Sunday, September 23, 2018

Deconstructing the kneel

I absolutely love this pair of essays by the Washington Post's Elizabeth Bruenig: All Colin Kaepernick ever did was ask and The NFL’s Capitalist Anthem Policy.

there’s something more, something wider and stranger, at the root of all this fury over a few athletes quietly kneeling during their country’s anthem. For one, there’s the straightforward fact that kneeling isn’t a sign of disrespect, and nobody brought up in a country with the faintest hint of Christian culture actually thinks it is. As Luke Bretherton, a professor of theological ethics at Duke University, wrote last year in The Post: “New Testament stories describe people who kneel before Jesus in supplication or lament. With their kneeling, these biblical figures say: Something is desperately wrong, please hear us and use your power to help us. Their act of submission signals their faith that healing will come and their prayers will be answered.”
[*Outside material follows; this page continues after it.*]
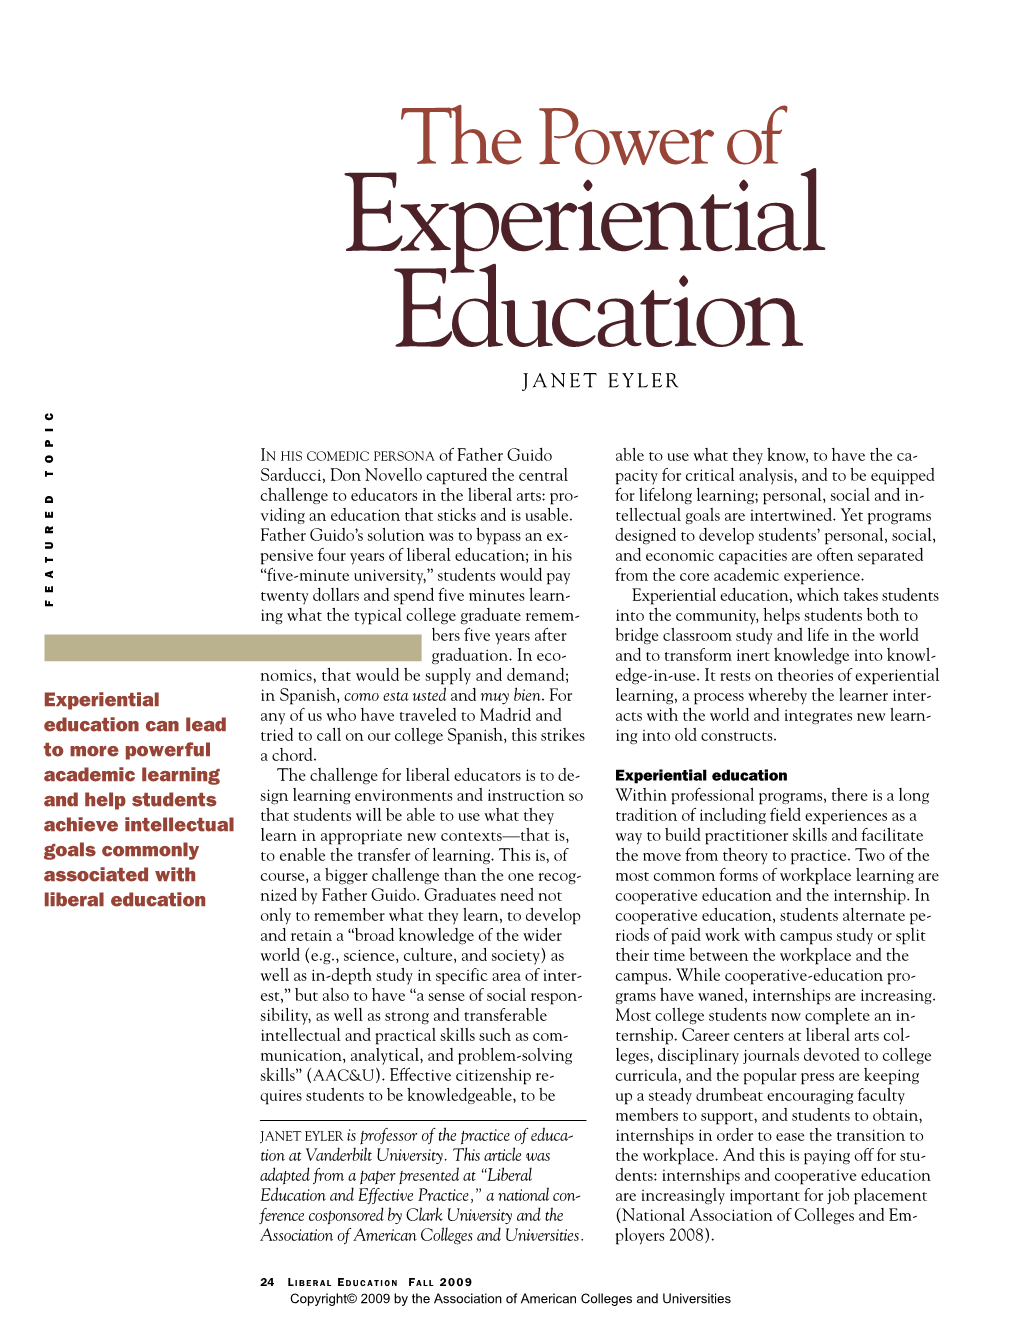 The Power of Experiential Education JANET EYLER

it has to do with the fact that liberalism sort of makes no bones about its contempt for the weak. Simply stating: I’m subjugated, I don’t like it, you’re doing it, and I want you to stop, is met with all kinds of fury because it’s seen as an abdication of agency, which liberal capitalism equates with personhood. This is the weird, loopy way in which those at the bottom of the liberal capitalist hierarchy wind up not only blamed but hated for the situation they’re in.

This is complicated stuff, but I think Bruenig has crystalized it in a beautiful and powerful way.